Daraufhin erließ die spanische Regierung einen europäischen Haftbefehl gegen ihn und seine Mitstreiter, den sie später wieder zurückzog. Das könnte mit dem zweiten, am 23. März von Spanien erwirkten europäischen Haftbefehl nun erneut passieren, mutmaßt der Jurist Nikolaos Gazeas. "Ich halte es nicht für unwahrscheinlich, dass die spanische Justiz auch jetzt wieder den Haftbefehl nach reiflicher Überlegung zurücknimmt und Puigdemont möglicherweise deswegen dann auch gar nicht ausgeliefert wird, sondern das Verfahren sich auf diese Weise erledigt." Sollte die spanische Justiz den europäischen Haftbefehl zurücknehmen, wäre das juristische Verfahren über eine Auslieferung sofort beendet.

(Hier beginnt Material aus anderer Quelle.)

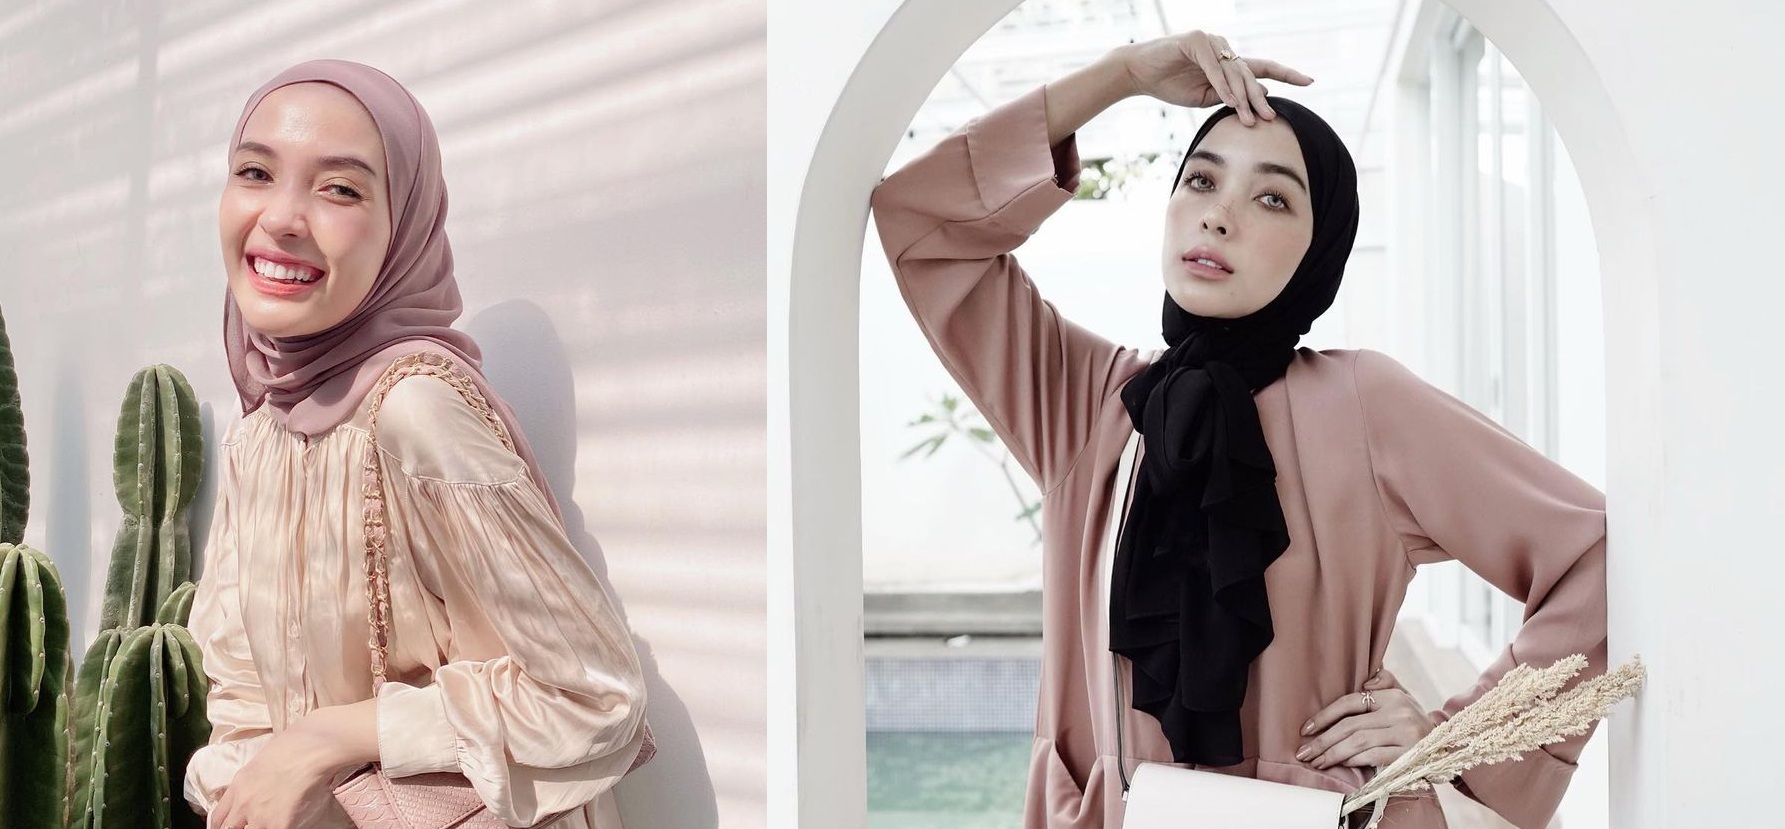 Profil dan Biodata Hamidah Rahmayanti: Suami, Agama, Instagram, Presenter dan Hijabers Hits

Geringere Haftstrafe erwartbar
Ein Grund für die Rücknahme des europäischen Haftbefehls könnte sein, dass Puigdemont im Fall seiner Auslieferung vor Gericht eine weitaus geringere Strafe zu erwarten hätte als seine ehemaligen Minister, da er ja nicht mehr wegen "Rebellion" angeklagt werden könnte, sondern nur noch wegen Veruntreuung öffentlicher Gelder. "Diese Ungleichheit war auch der Anlass, warum der spanische Ermittlungsrichter den ersten europäischen Haftbefehl gegenüber Belgien zurückgenommen hat und gesagt hat: Unter den Bedingungen wollen wir Puigdemont nicht haben", meint der Jurist Gazeas. Allerdings besteht der nationale Haftbefehl gegen Puigdemont in Spanien in jedem Fall weiter, so dass ihm im Fall seiner freiwilligen Rückkehr aus dem Exil eine lange Haftstrafe drohen könnte.